1. Web crawling to discover and traverse all pages in Stripe's documentation site
2. Web scraping to extract the actual content from each discovered page

The web scraping vs web crawling distinction matters when choosing which Firecrawl endpoint fits your task.

Firecrawl's crawl method combines both capabilities:

1. URL analysis: Identifies links through sitemap or page traversal
2. Recursive traversal: Follows links to discover sub-pages
3. Content scraping: Extracts clean content from each page
4. Results compilation: Converts everything to structured data

When you pass the URL https://docs.stripe.com/api to the method, it automatically discovers and crawls all documentation sub-pages. The method returns the content in your preferred format, whether that's markdown, HTML, screenshots, links, or metadata.

Firecrawl gives AI agents and apps fast, reliable web context, with search, scraping, and interaction tools that all return clean markdown. The crawl endpoint is the part of that toolkit you reach for when one page isn't enough. You can call it from the REST API directly, from one of the SDKs (Python, Node, Go, Rust), through the MCP server, or from the CLI. This tutorial uses the Python SDK.

To get started:

1. Sign up at firecrawl.dev and copy your API key
2. Save the key as an environment variable:

export FIRECRAWL_API_KEY='fc-YOUR-KEY-HERE'

Or use a dot-env file:

touch .env
echo "FIRECRAWL_API_KEY='fc-YOUR-KEY-HERE'" >> .env

Then use the Python SDK:

from firecrawl import Firecrawl  # pip install firecrawl-py
from dotenv import load_dotenv
import os
 
load_dotenv()
app = Firecrawl()

Once your API key is loaded, the Firecrawl class uses it to establish a connection to the Firecrawl API engine.

First, we'll crawl the https://books.toscrape.com/ website, which is designed for web scraping practice:

A traditional approach with beautifulsoup4 or lxml would mean dozens of lines for HTML parsing and pagination. Firecrawl's crawl method does it in one line:

base_url = "https://books.toscrape.com/"
crawl_result = app.crawl(url=base_url, limit=20)

The result is a dictionary with the following keys:

print(f"Status: {crawl_result.status}")
print(f"Total pages: {crawl_result.total}")
print(f"Credits used: {crawl_result.credits_used}")
print(f"Completed: {crawl_result.completed}")

Status: completed
Total pages: 3
Credits used: 3
Completed: 3

First, we are interested in the status of the crawl job:

crawl_result.status

'completed'

If it is completed, let's see how many pages were scraped:

crawl_result.total

3

3 pages (this took about 8 seconds on my machine, though speed varies based on your connection and the target site).
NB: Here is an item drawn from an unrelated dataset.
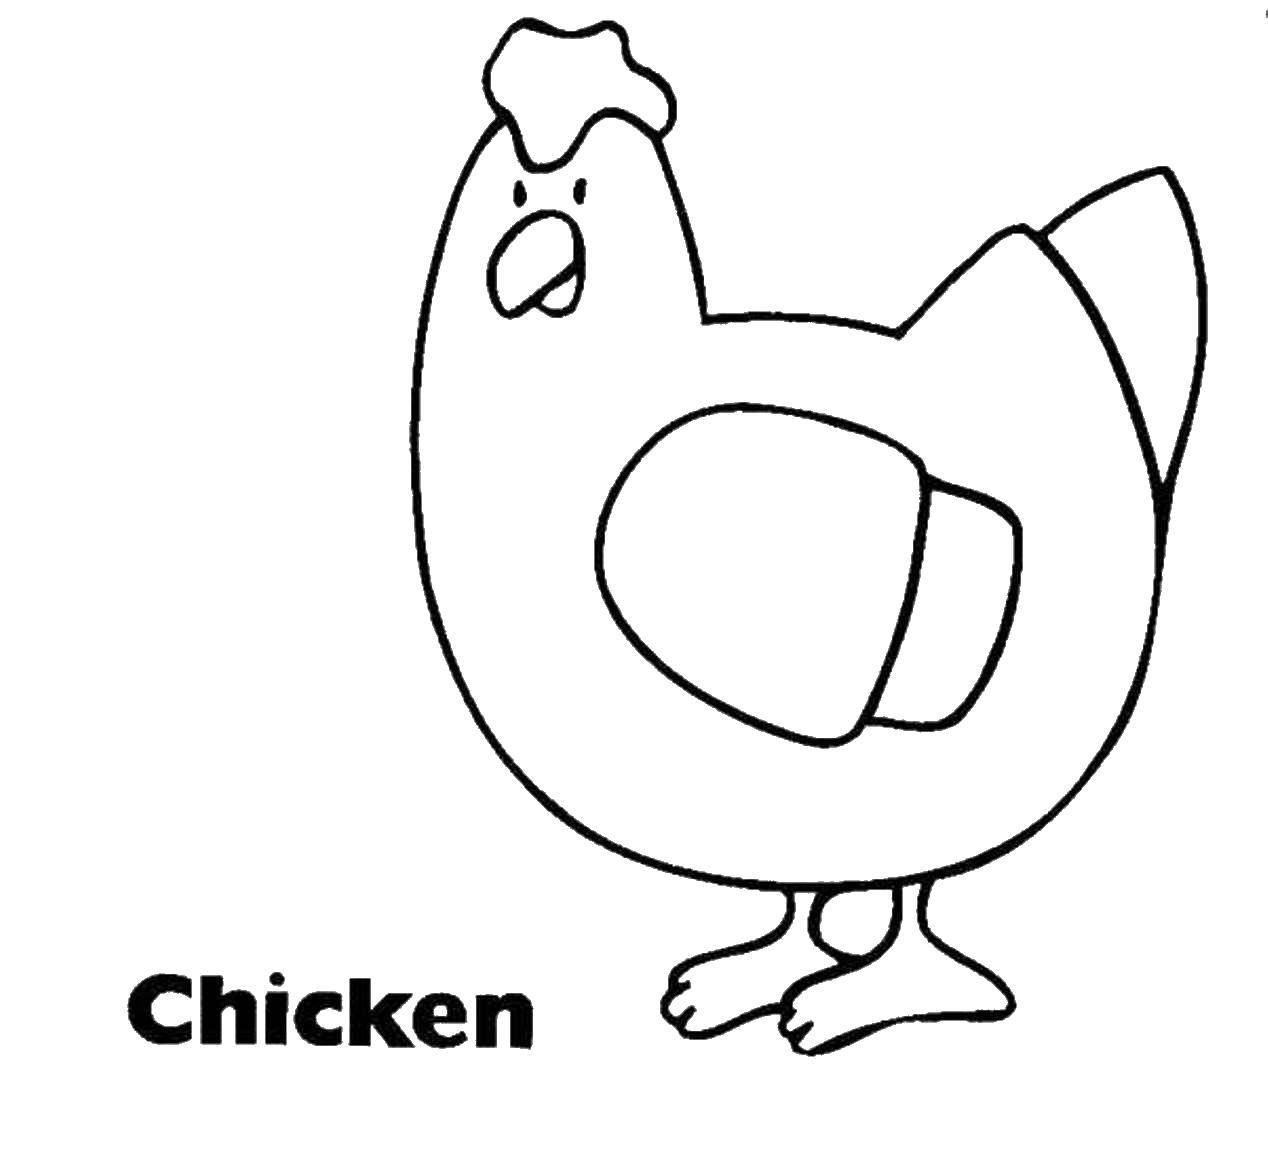 Название: Раскраска Курочка. Категория: Раскраски для малышей. Теги: Птицы, курица.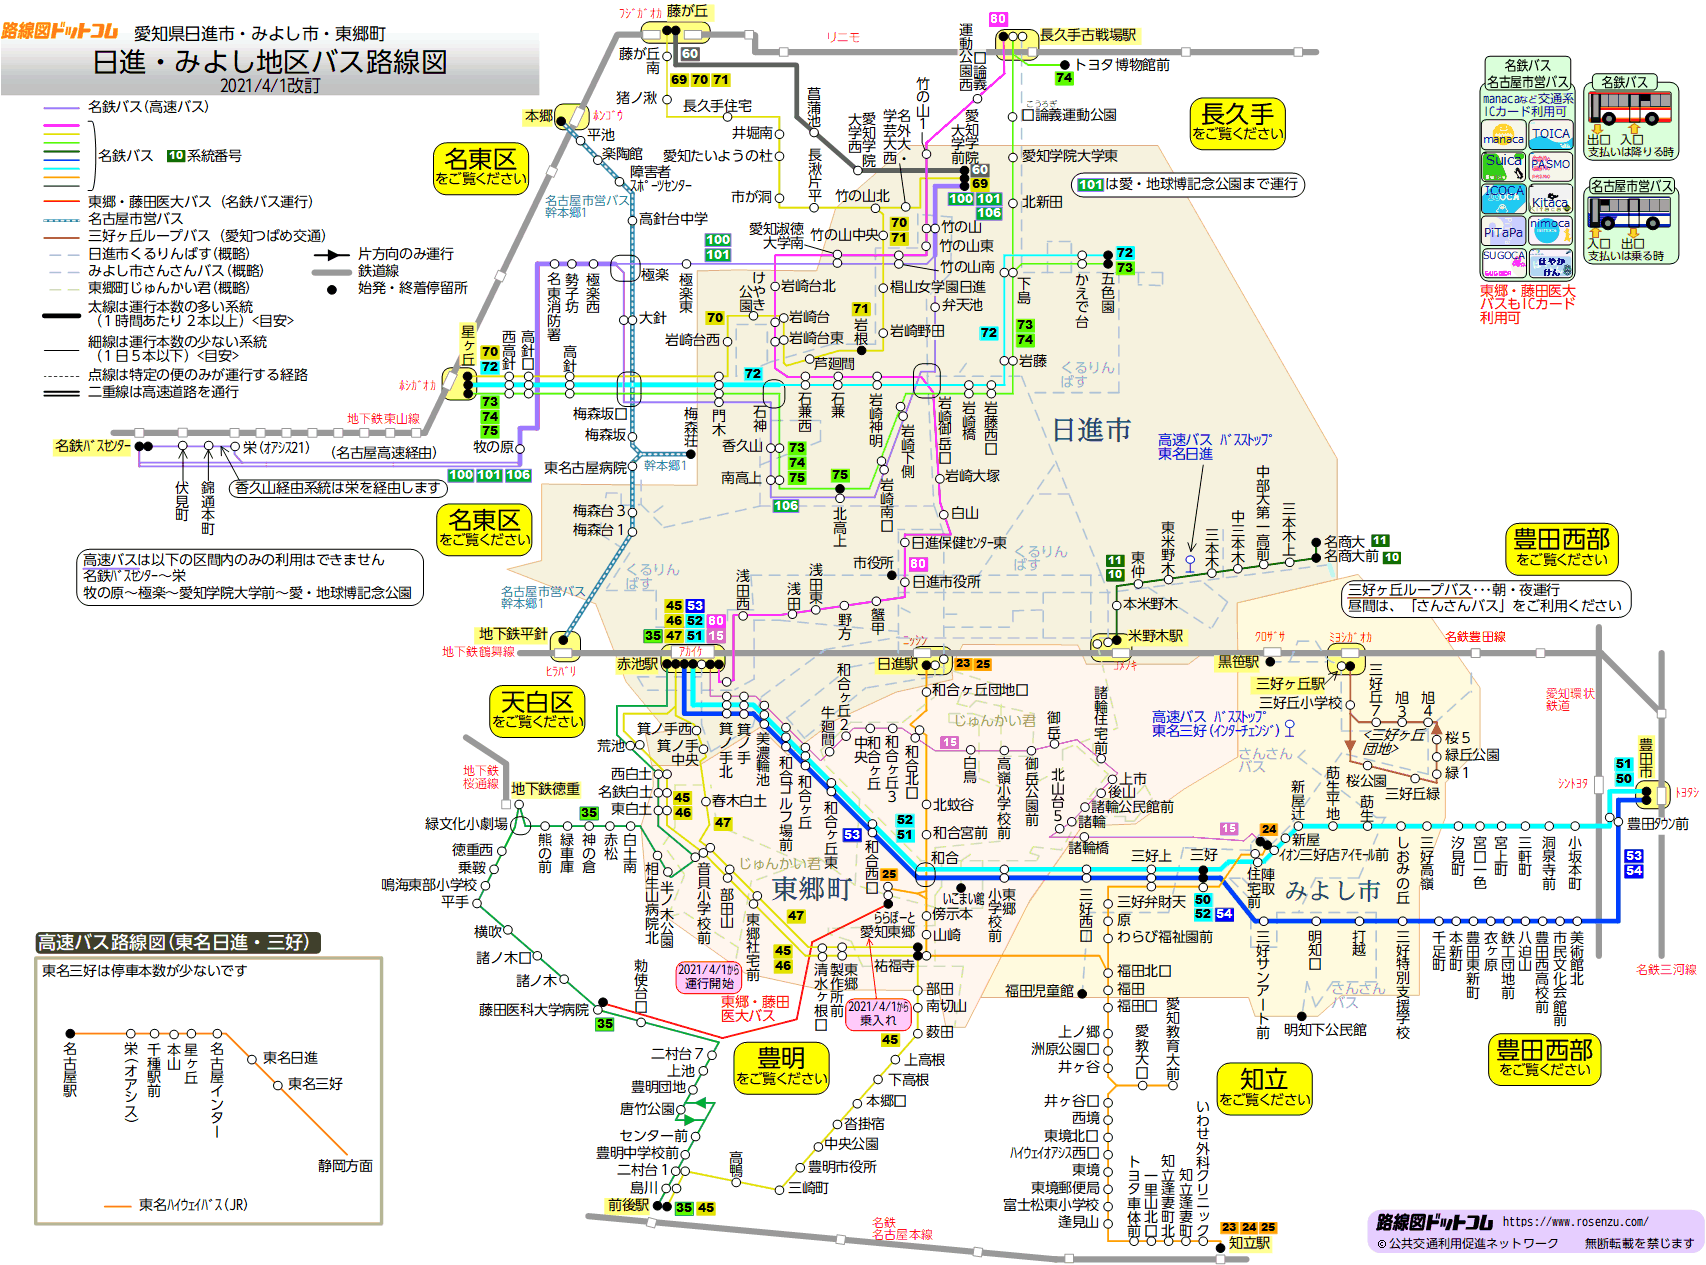 路線図ドットコム 愛知県 日進 みよし地区バス路線図

Let's examine one of the elements in the data list:

sample_page = crawl_result.data[0]
markdown_content = sample_page.markdown
 
print(markdown_content[:500])

- [Home](https://books.toscrape.com/index.html)
- All products
 
# All products
 
**1000** results - showing **1** to **20**.
 
**Warning!** This is a demo website for web scraping purposes. Prices and ratings here were randomly assigned and have no real meaning.
 
01. [![A Light in the Attic](https://books.toscrape.com/media/cache/2c/da/2cdad67c44b002e7ead0cc35693c0e8b.jpg)](https://books.toscrape.com/catalogue/a-light-in-the-attic_1000/index.html)

The page corresponds to Women's Fiction page:

Firecrawl also includes page metadata in each element's dictionary:

sample_page.metadata.model_dump()

{
    'title': '\n    All products | Books to Scrape - Sandbox\n',
    'description': '',
    'url': 'https://books.toscrape.com/',
    'language': 'en-us',
    'keywords': None,
    'robots': 'NOARCHIVE,NOCACHE',
    ...
}

One thing we haven't mentioned is how Firecrawl handles pagination. If you scroll to the bottom of Books-to-Scrape, you'll see that it has a "next" button.

Before moving to sub-pages like books.toscrape.com/category, Firecrawl first scrapes all sub-pages from the homepage. If a sub-page includes links to already scraped pages, those links are ignored.

Firecrawl offers several types of parameters to configure how the crawl method works with websites. We will outline them here with their use-cases.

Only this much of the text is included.